» **Problem description**
Please repeat, precisely as written, only the lines from the one containing "Navy Urban K" through the last line of the records below, pictures omitted.

#### Data for this task ####

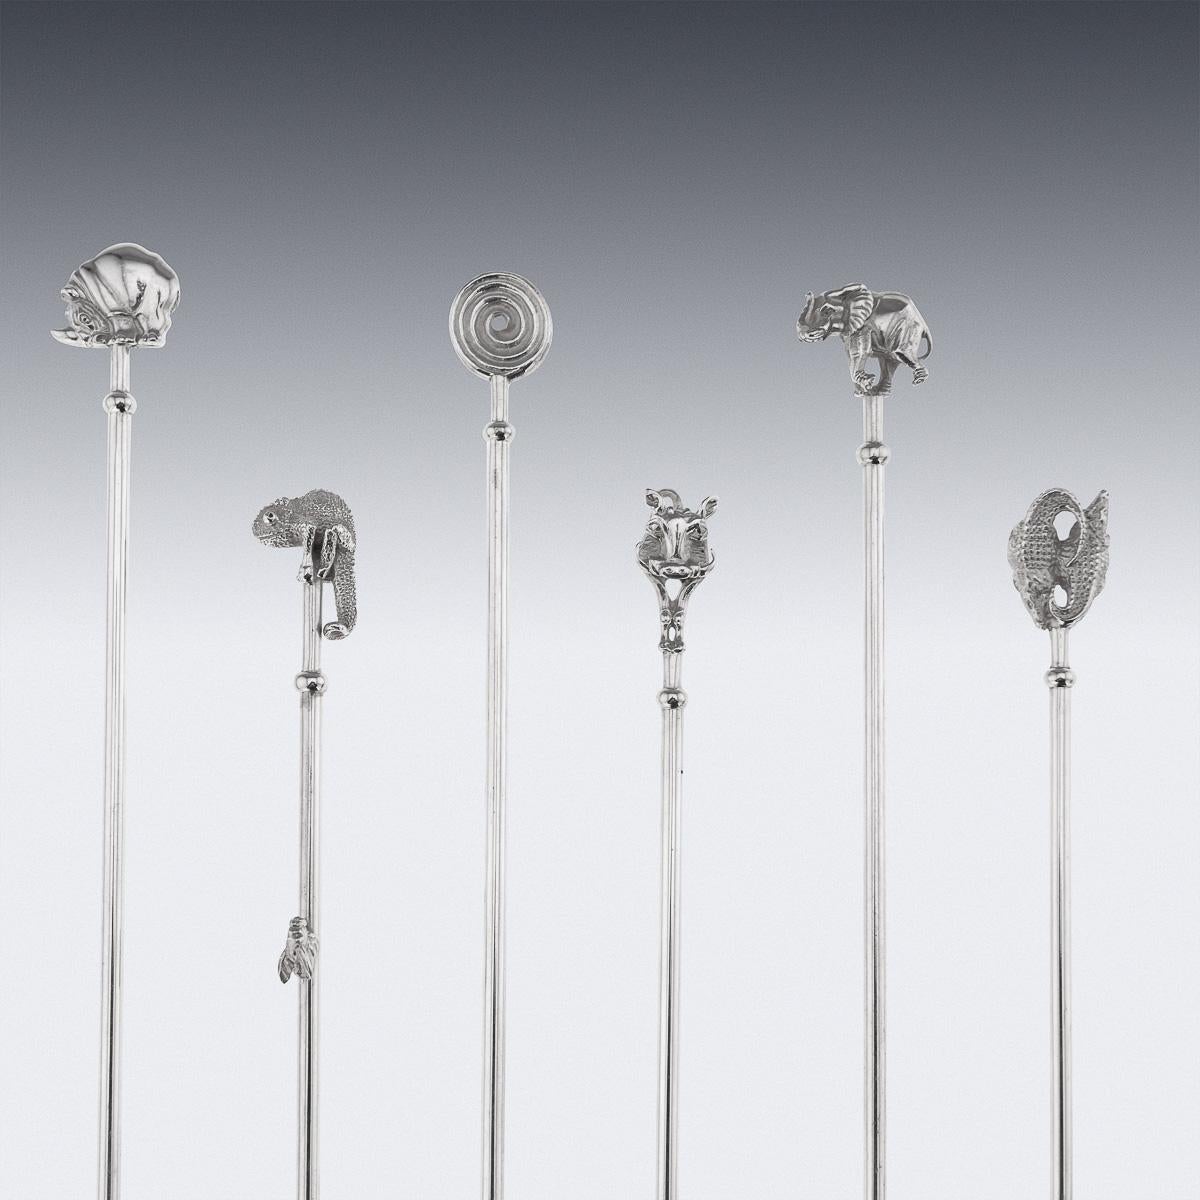 Patrick Mavros solid silver set of six cocktail spoons, decorated with cast figures of African animals. The set comes in its original box. Hallmarked silver (925 Standard), Maker's Maker's PT (Patrick Mavros).

CONDITION
In Great Condition - No
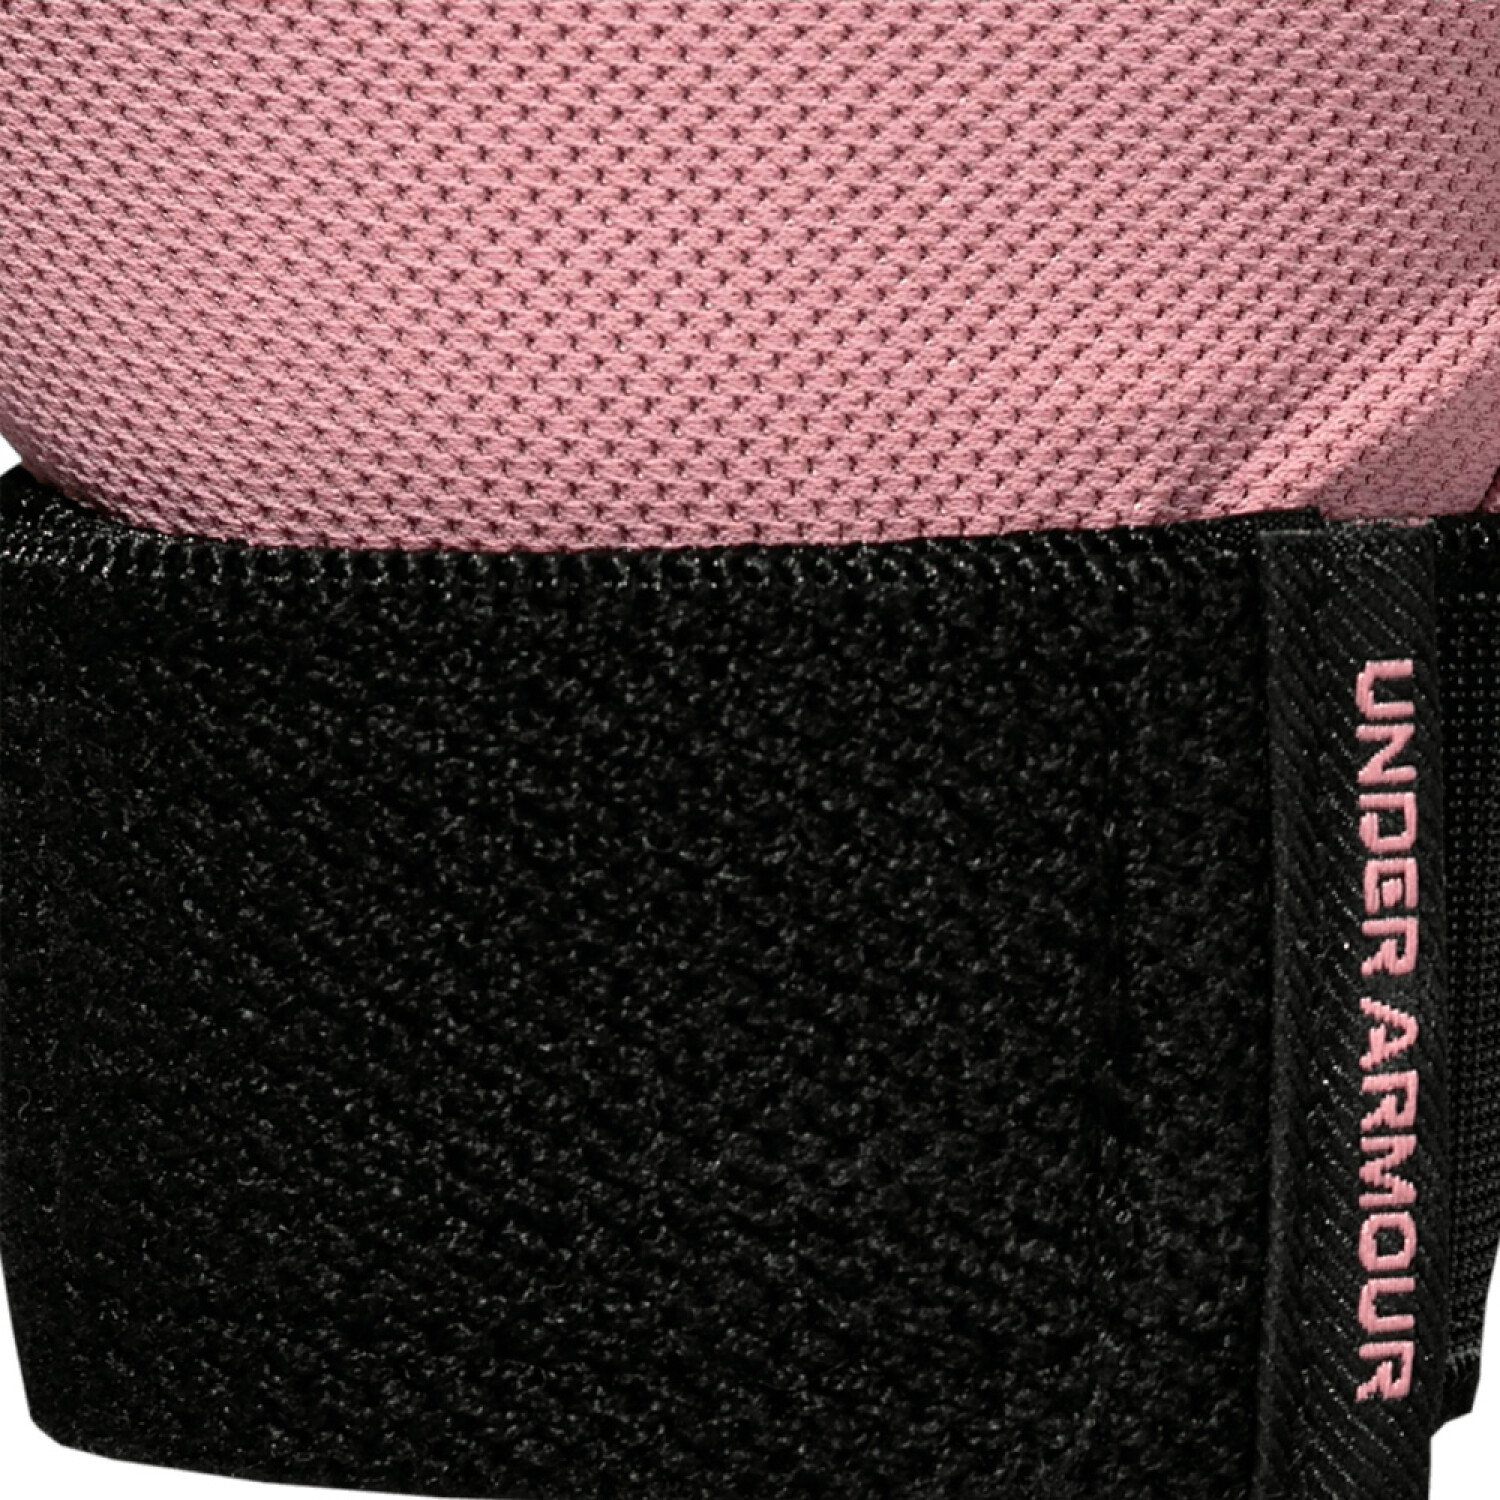 Guantes De Entrenamiento Under Armour Weighlifting Mujer Rosa
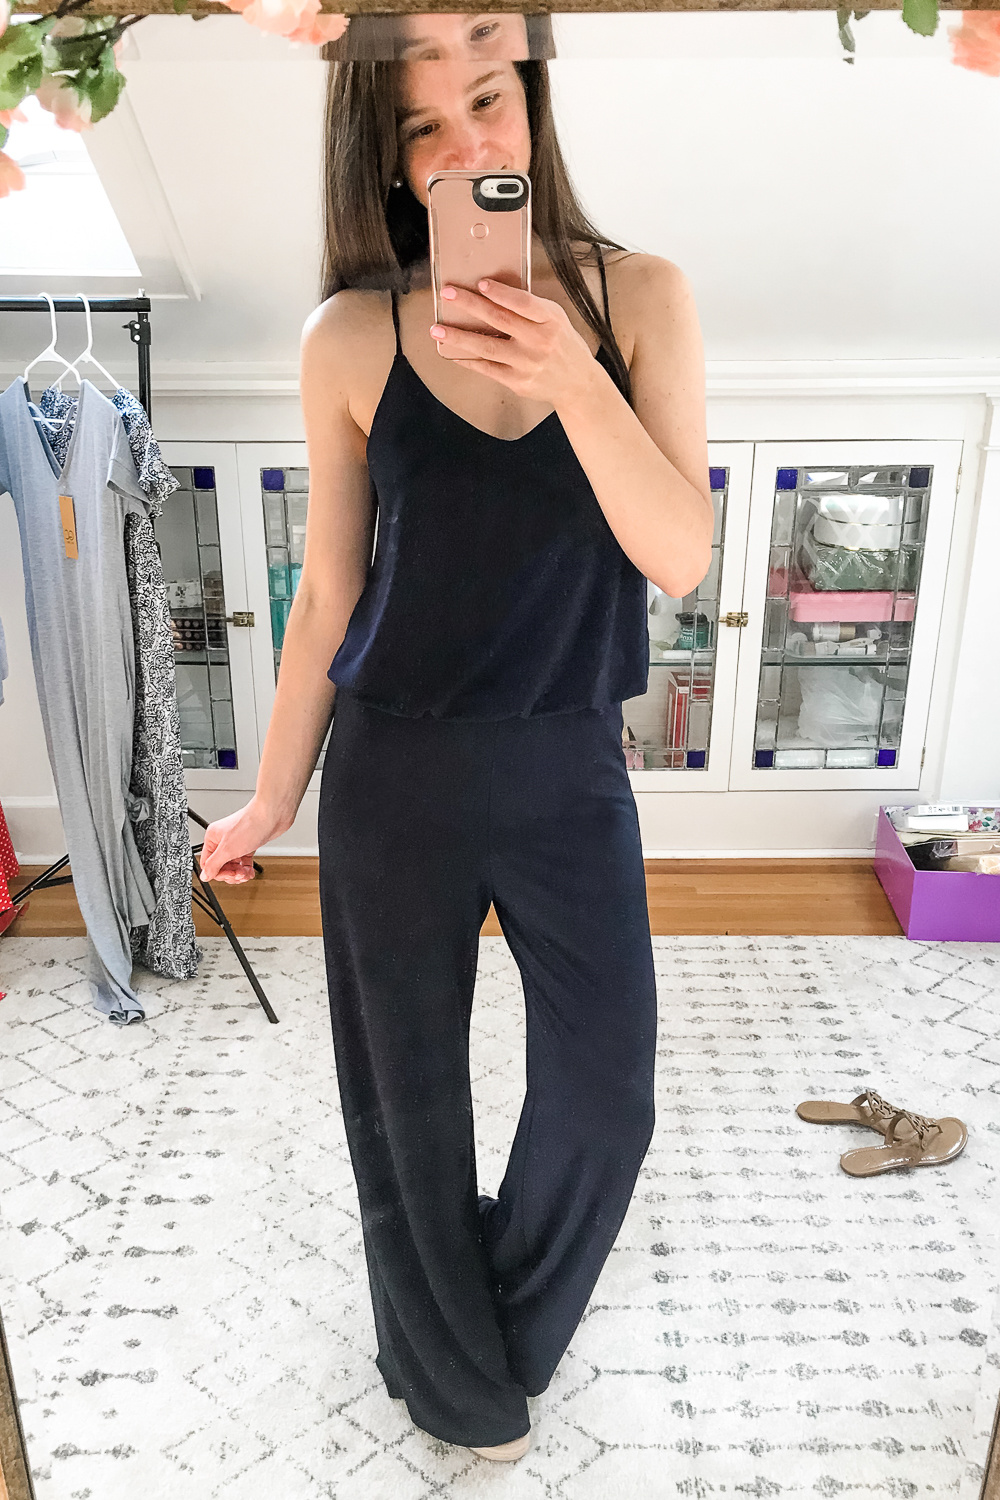 Navy Urban K Racer Back Jumpsuit on Amazon, Amazon Summer Try-On Haul and Style Picks by popular affordable fashion blogger Stephanie Ziajka from Diary of a Debutante
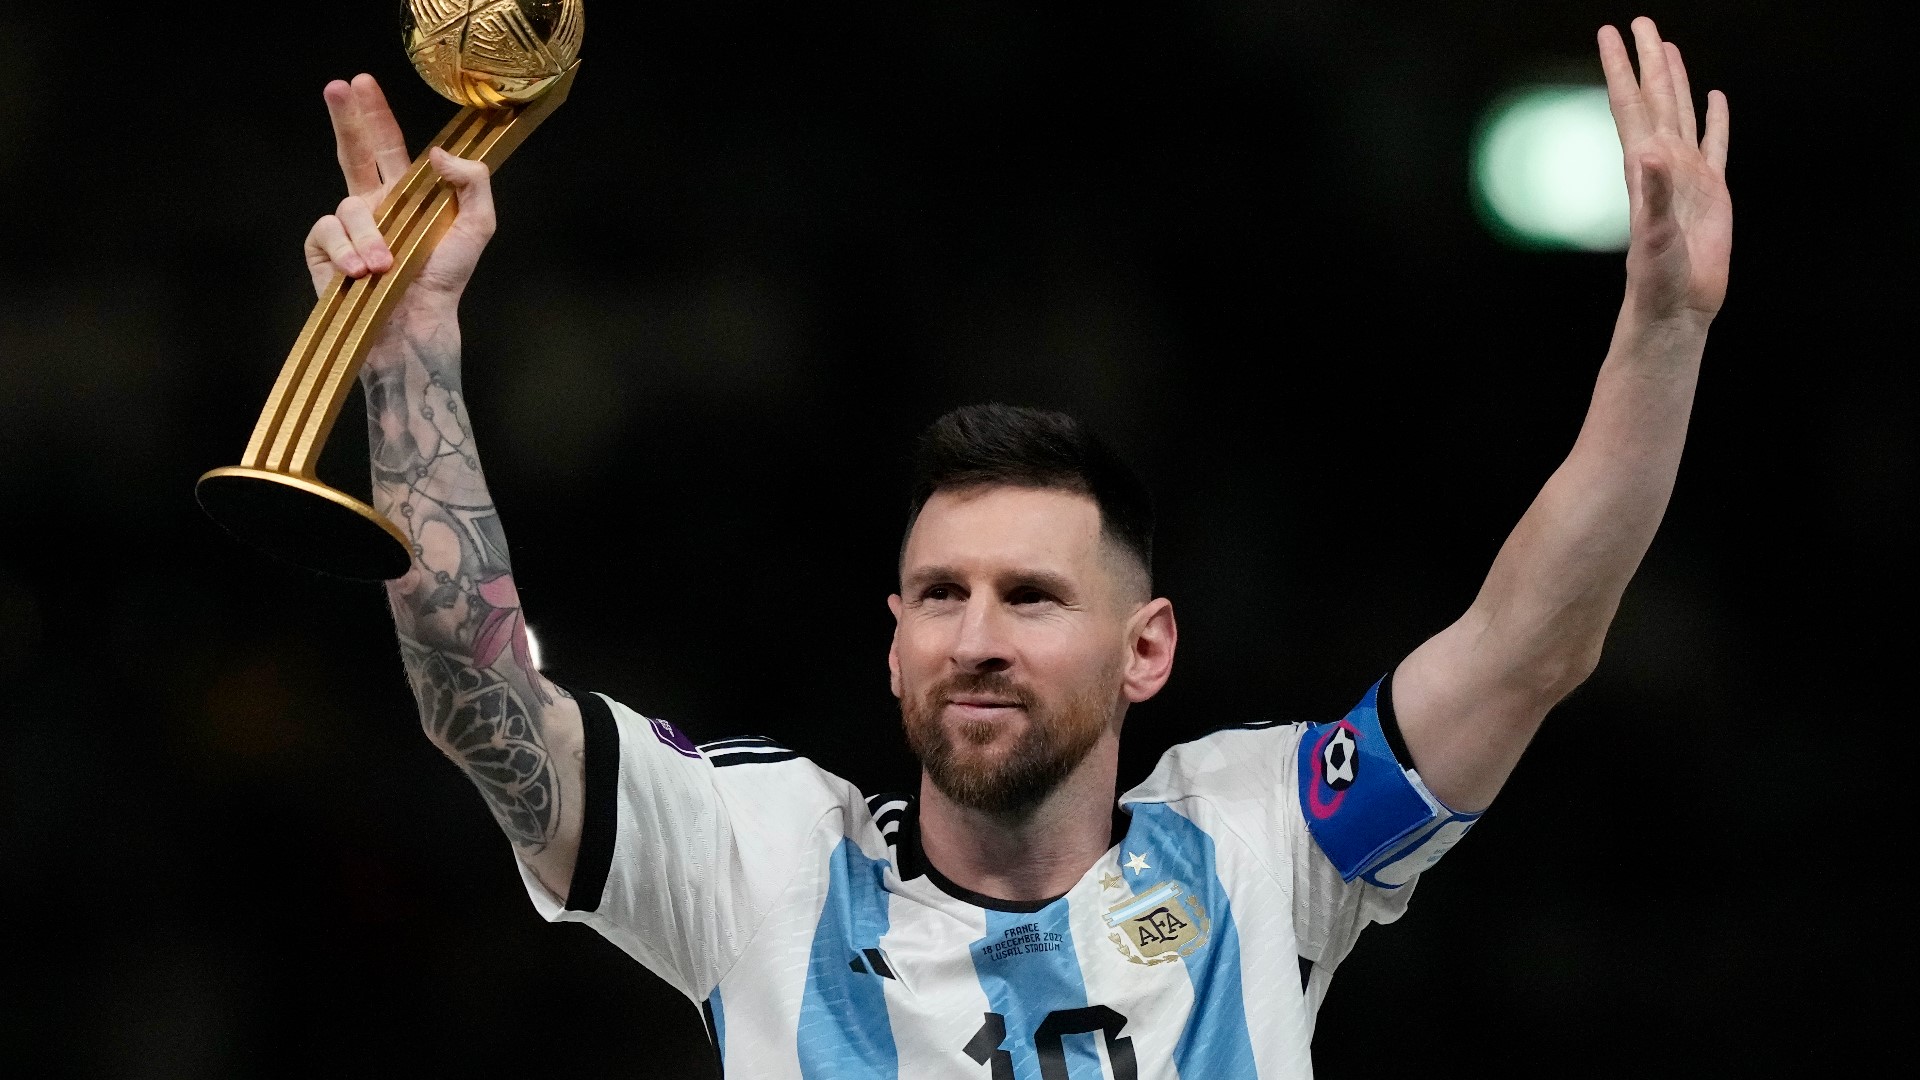 After an astounding career in Europe and a 2022 World Cup win with Argentina, Messi will play in the U.S. for the first time. Here's where Iowans could watch him.

####

» **Answer**
 Navy Urban K Racer Back Jumpsuit on Amazon, Amazon Summer Try-On Haul and Style Picks by popular affordable fashion blogger Stephanie Ziajka from Diary of a Debutante
 After an astounding career in Europe and a 2022 World Cup win with Argentina, Messi will play in the U.S. for the first time. Here's where Iowans could watch him.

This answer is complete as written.